From the first line of the data through the line containing "番組オープニンング的な派手さ明るさの再生済みの波形", transcribe each line exactly. Pictures do not belong in the copy.

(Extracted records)
-=-=-

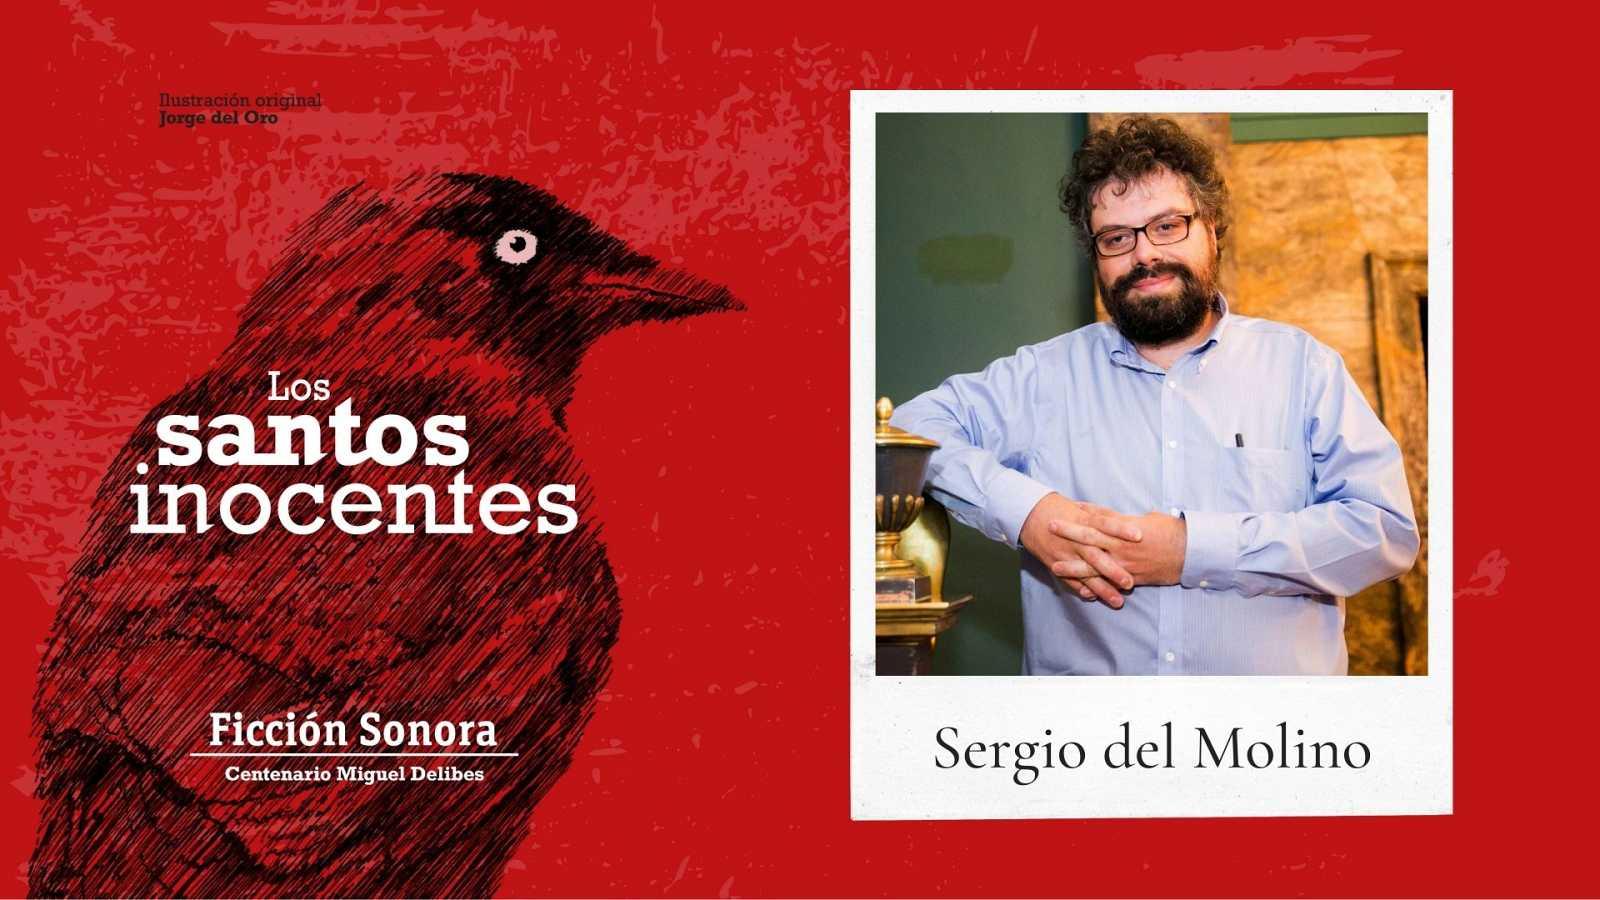 El Ojo Crítico - 'Los santos inocentes' III con Sergio del Molino - 03/05/21 - escuchar ahora
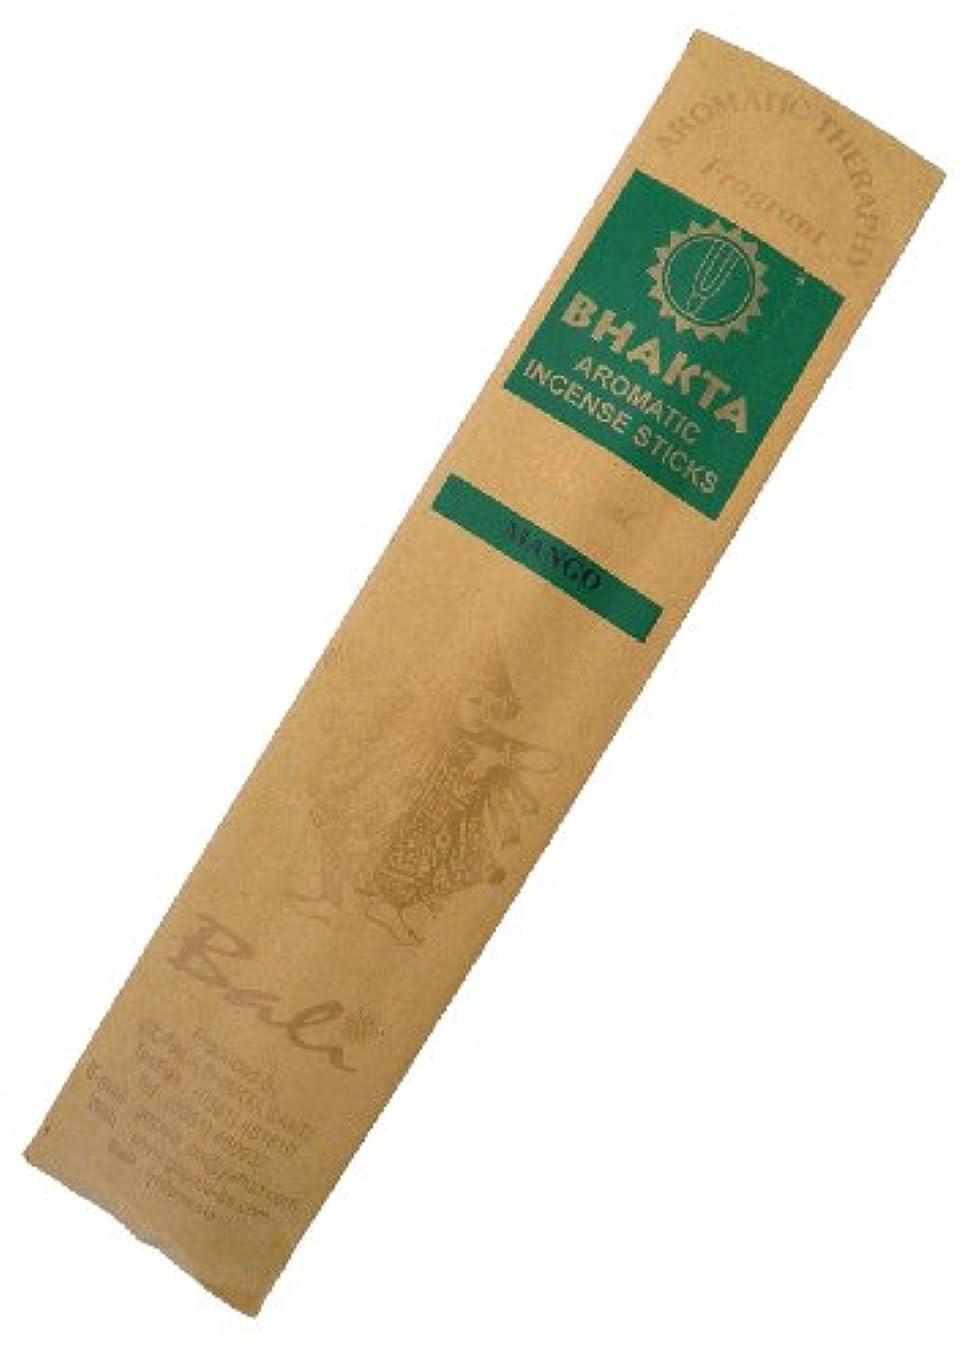 お香 BHAKTA ナチュラル スティック 香(マンゴー)ロングタイプ インセンス[アロマセラピー 癒し リラックス 雰囲気作り]インドネシア?バリ島のお香
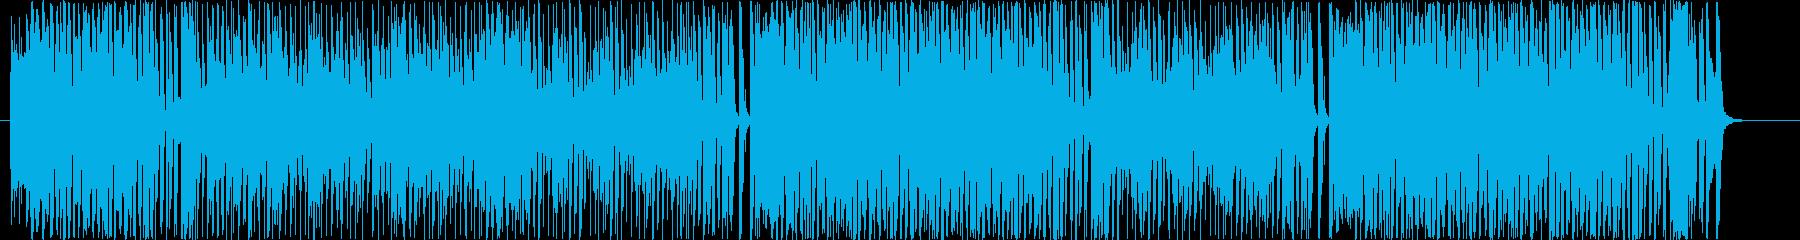 番組オープニンング的な派手さ明るさの再生済みの波形
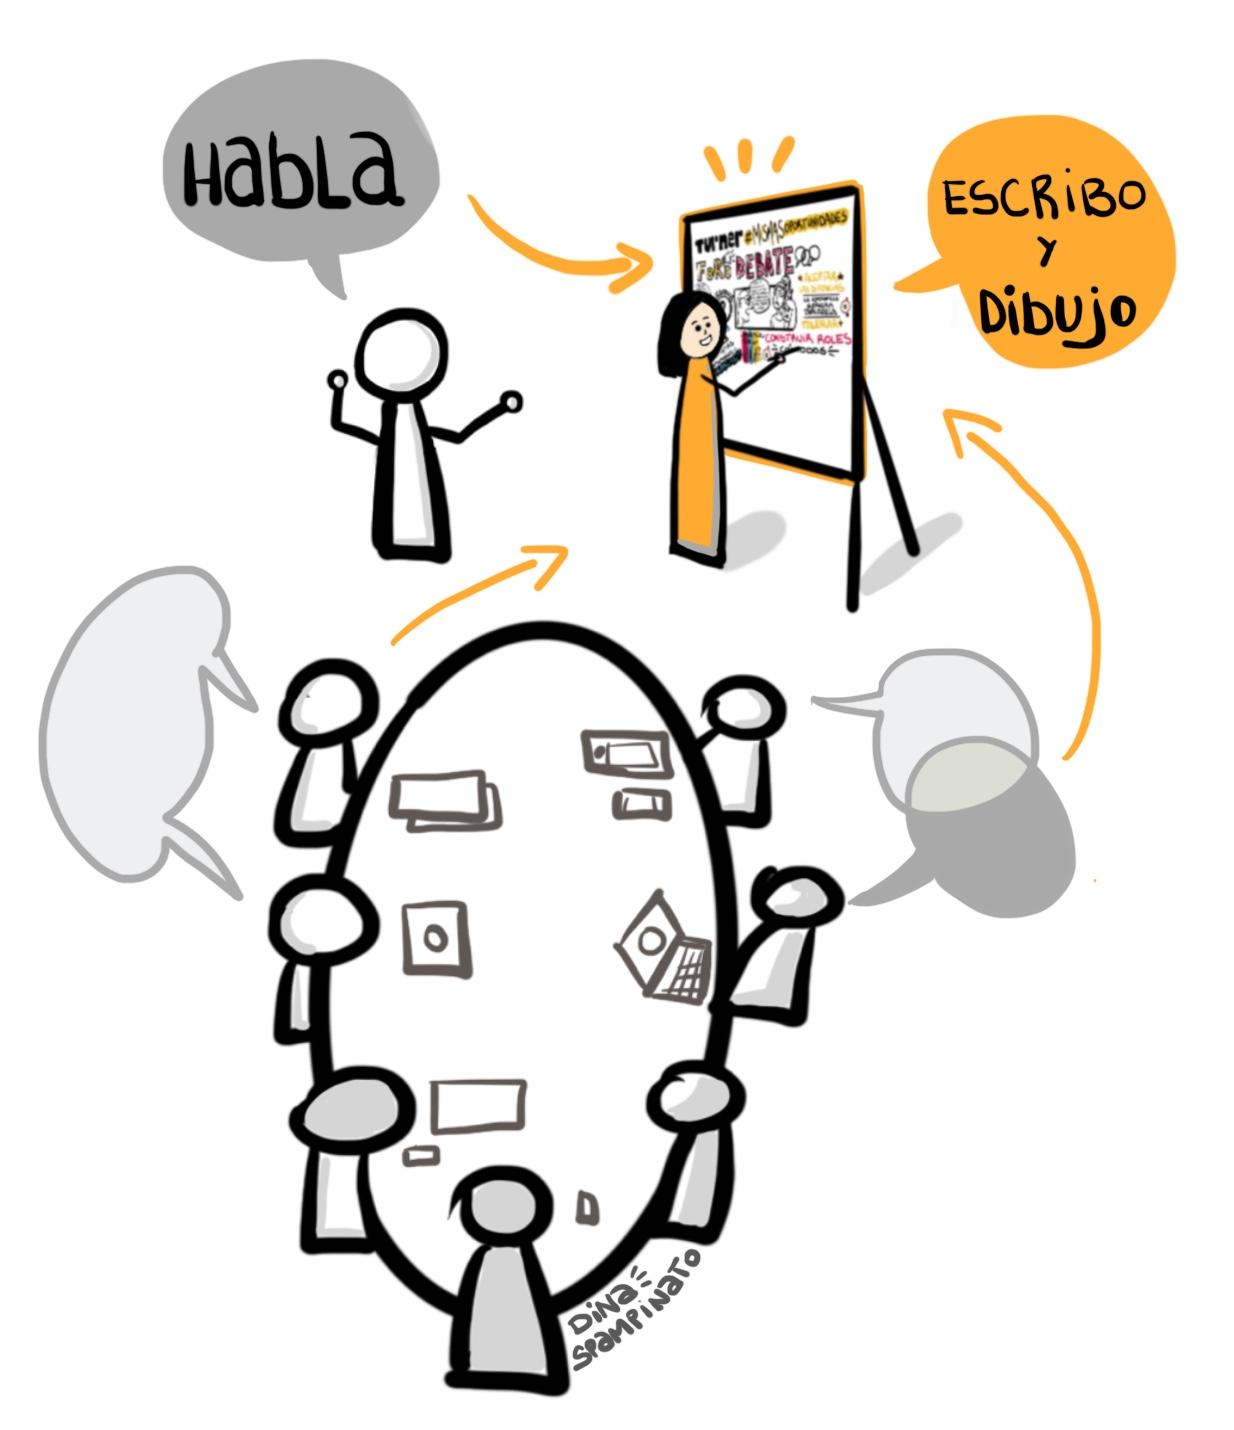 Facilitación Gráfica. Es una forma de apoyar cualquier tipo de proceso de aprendizaje o trabajo grupal o individual mediante el uso de herramientas visuales.
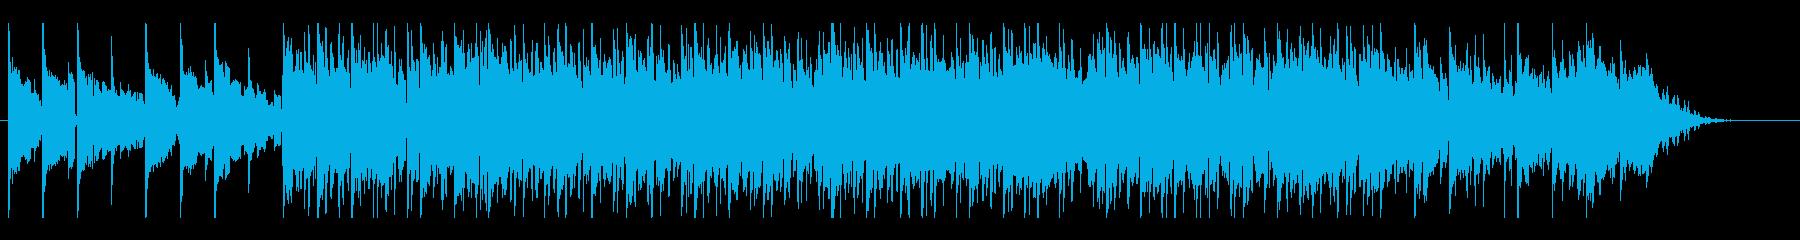 心地いいリズムのLo-Fi HipHopの再生済みの波形
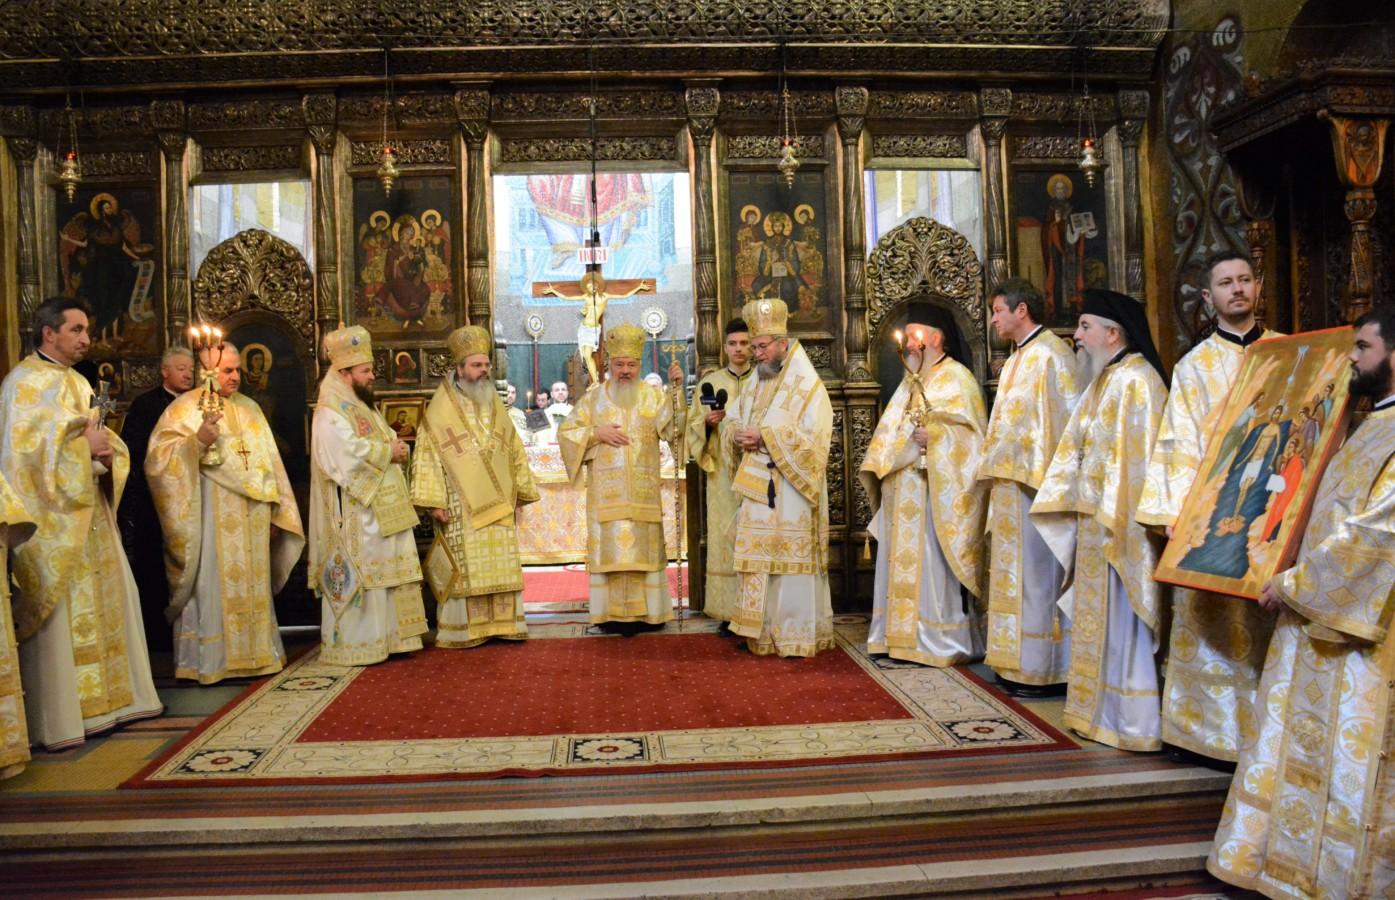 Mitropolitul Andrei – Păstorul blând al Transilvaniei a împlinit 70 de ani
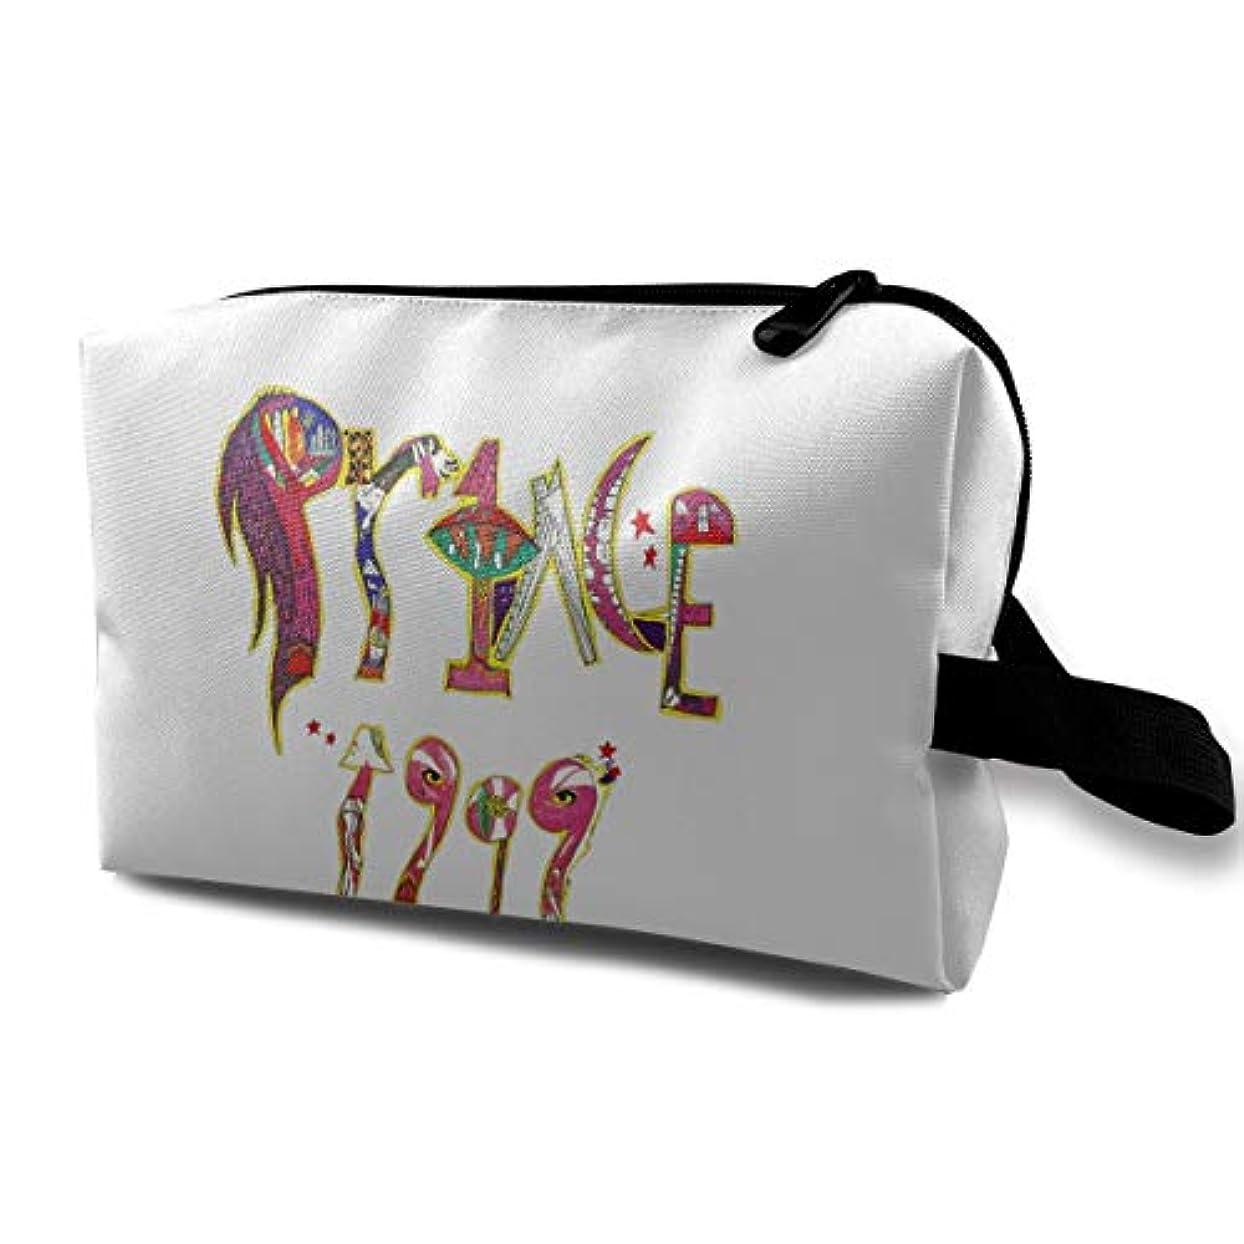 モデレータロゴ作曲する化粧ポーチ 防水 機能的 旅行化粧品バッグ 持ち運び便利 トラベル収納バッグ

-=-=-

» **SOLUTION BELOW**:
 El Ojo Crítico - 'Los santos inocentes' III con Sergio del Molino - 03/05/21 - escuchar ahora
 お香 BHAKTA ナチュラル スティック 香(マンゴー)ロングタイプ インセンス[アロマセラピー 癒し リラックス 雰囲気作り]インドネシア?バリ島のお香
 番組オープニンング的な派手さ明るさの再生済みの波形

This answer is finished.